Like IRON I don't have any sympathy for the car companies.
What if we let engineers build what the people want? People on this board have pointed out a number of examples where mandates have warped the market to the point where good, desirable solutions are outlawed. If you took off the chains and people flocked to buy gas guzzlers, well gas isn't that expensive, is it? Maybe safety is worth the extra money to some people?
I've got a cheap government mandate solution for you all that will improve efficiency and save tankers of fuel a day: GPS speed governors. Try getting that one through Congress.
Isn't it ironic that the same greener-than-thou types who work tirelessly to get your Hummer legislated out of existence are the same ones bombing down the highway doing 80 in their Pry-Us--late for yoga class, again!
Volkswagen turbo diesels? Look at their reliability before flaunting them as a solution! Consumers won't accept a car engine that only lasts 80,000 miles before requiring a rebuild that costs thousands of dollars. See, e.g., Consumer Reports for reliability records.
In the caption of the graph, it says: "But by going from 40mpg to 50mpg, the savings drop to only $375 annually..." I just have to say, very few cars currently get 40mpg. I have a one year old relatively efficient car, on an all-highway long trip if I'm really lucky I can actually get 35mpg. But in regular driving with traffic lights and traffic jams, I often don't even get 25mpg. The only cars that reliably get 40mpg in normal driving now are hybrids or range-extended electric vehicles. So citing 40 to 50mpg change, when I will see 25 to 50mpg change, seems a bit disingenuous.
This requirement will put more hybrids and electric vehicles (possibly range extended) on the road, more than tiny unsafe gas powered cars. If due to economies of scale it makes the price of a future Volt come down from $40K to under $30K, that would be great.
I've been asking this question since the 1st hybrids rolled off
the assembly line...........Why doesn't anyone make a hybrid diesel? Cummins already has one of the CLEANEST running diesels on the market. They even have been able to avoid the urea injection in vehicles line the Dodge Ram. They have a 4cyl version of their popular inline 6 cylinder. Their 6.7L could have a 4.5L sibling mated to a hybrid system that makes almost as much torque as the 6cyl and would get WAY over 30mpg on the highway in a FULL SIZE truck. A 3/4ton Ram could really play double duty as a daily commuter, a work truck, and a weekend warrior.

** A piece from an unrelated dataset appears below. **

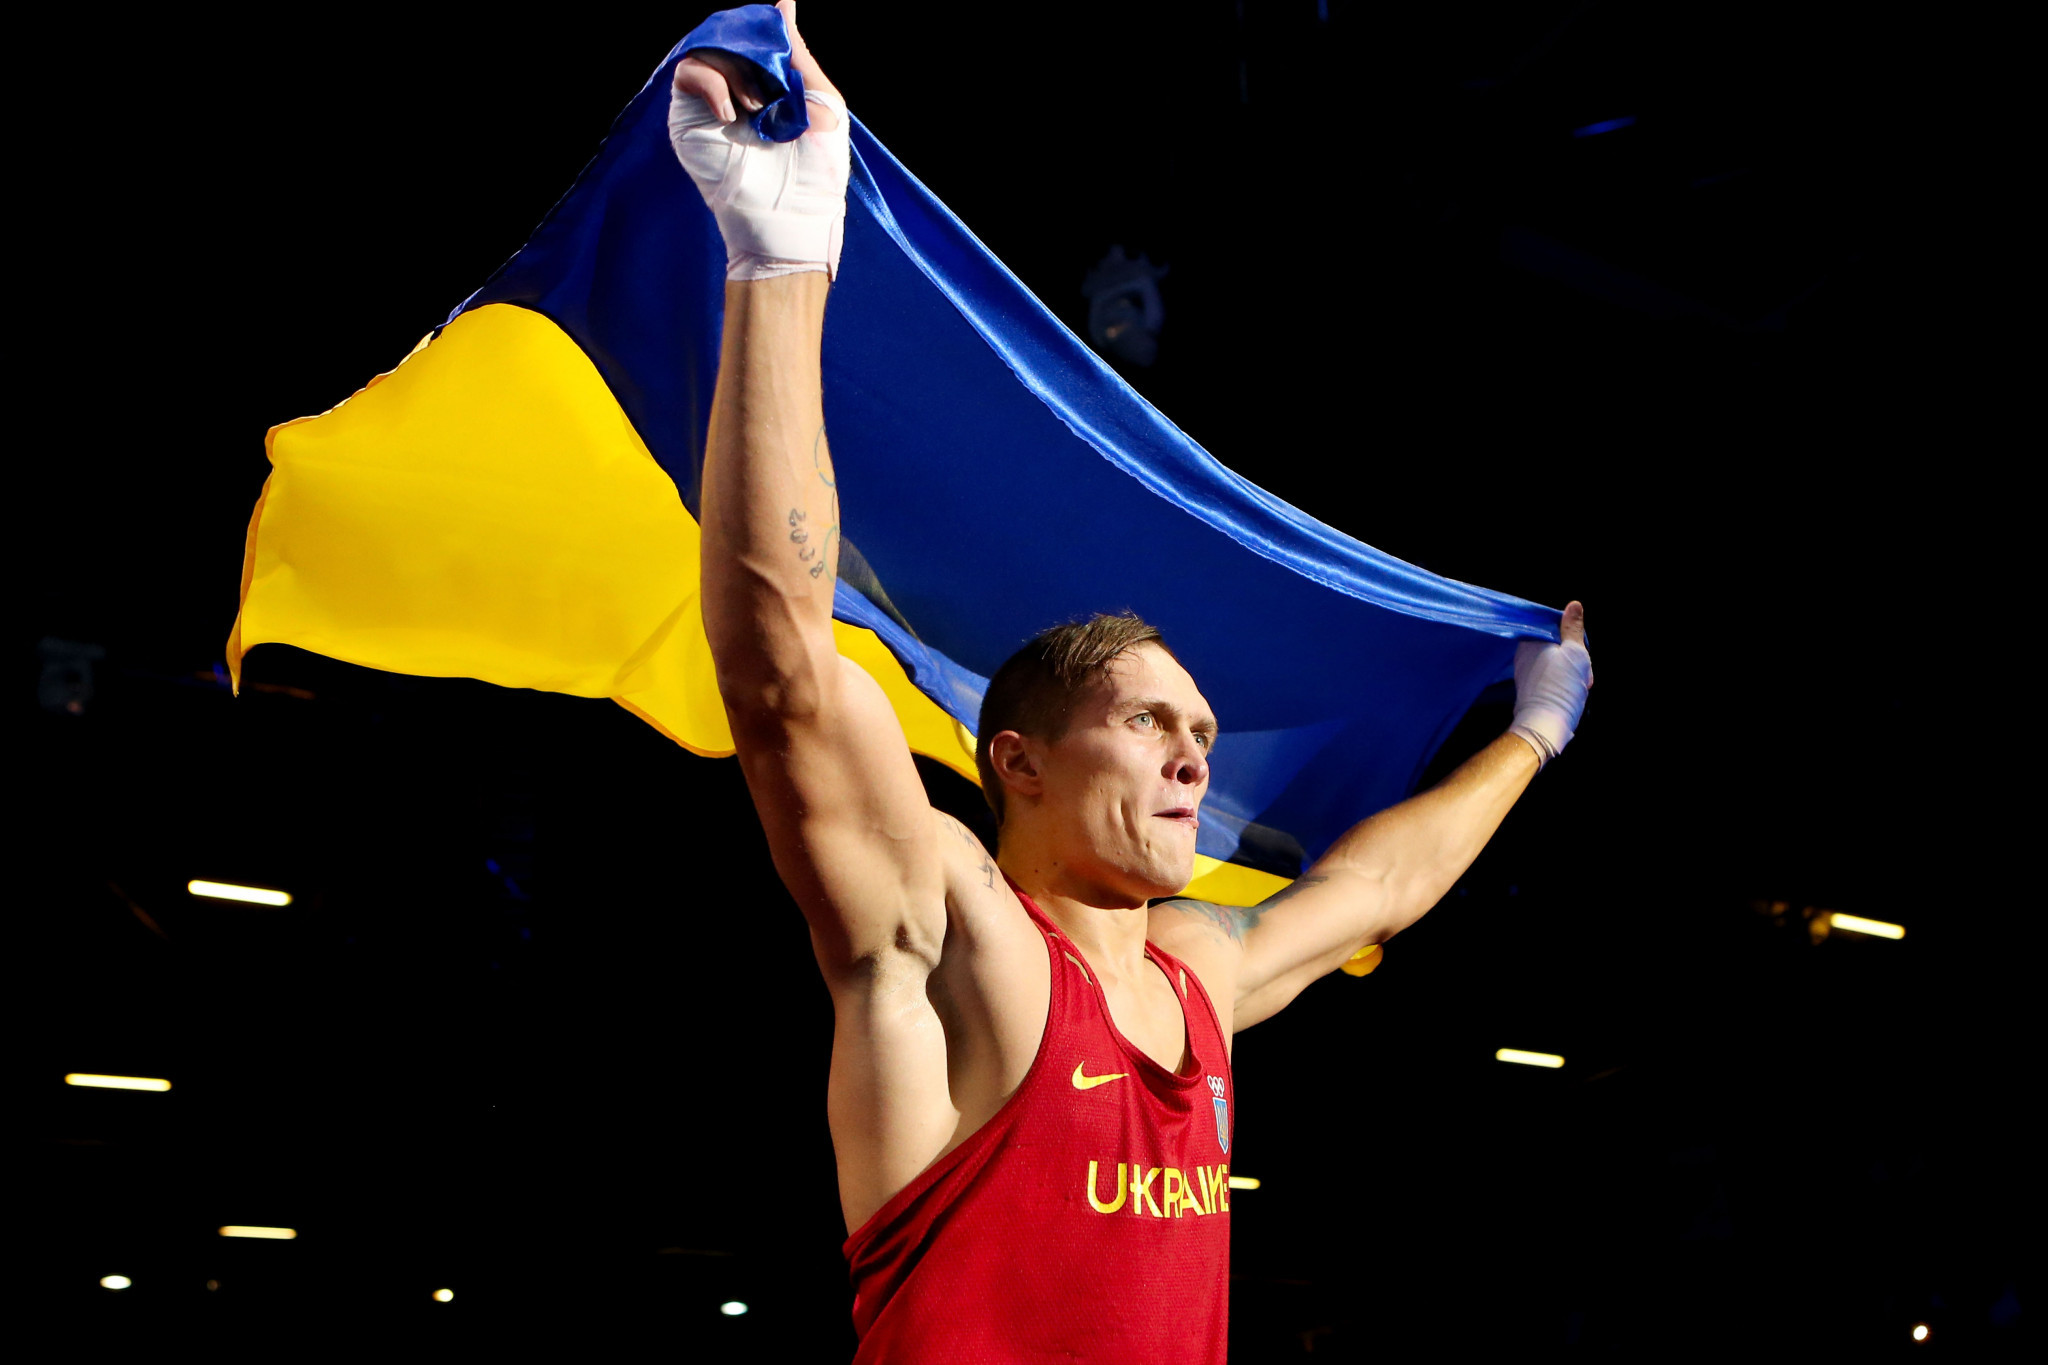 Oleksandr Usyk won a boxing gold for Ukraine at the London 2012 Olympics ©Getty Images

Then an even smaller version could be put in a half ton truck with highway mileage near 40mpg.
Then cars like the Diesel Jetta that already get 40mpg could be getting 50 to 60 mpg! Even better, the addition of a hybrid system to a diesel would get the performance of these diesels up there with the gas engines. It's a win win for everybody.
Like the article points out, this would probably add $8,000.00 to the price tag. A diesel jetta already cost $4,000 more than a 2.5L 5cyl gas version. A Hybrid Civic cost about $3000.00 more than the same non-hybrid. Mating the diesel to the hybrid should be a no brainer.
When comparing U.S. mileage vs. Canada and the UK, you have to consider they use Imperial gallons, whch have more gas per gallon and will show a higher MPG. Oil consumption is already down in this country, we're shipping oil overseas, and gas prices are still very high. Will the consumer really see a reduction? More oil will be sent to China and other developing countries that have air pollution issues. Will air quality improve in those countries as we presumably make our air cleaner? As fewer gallons are used in the U.S. gas taxes (revenue) per gallon will be reduced to the government. They won't like this, so taxes will increase, or we will pay a road use tax based on miles driven annually. This, added to the increased cost of vehicles, will probably mean that people will keep their 30mpg vehicles longer. This will affect auto manufacturing and therefore jobs. Increased unemployment. Another government idea not thought through, or if it was, making a good sound bite and playing on our ignorance.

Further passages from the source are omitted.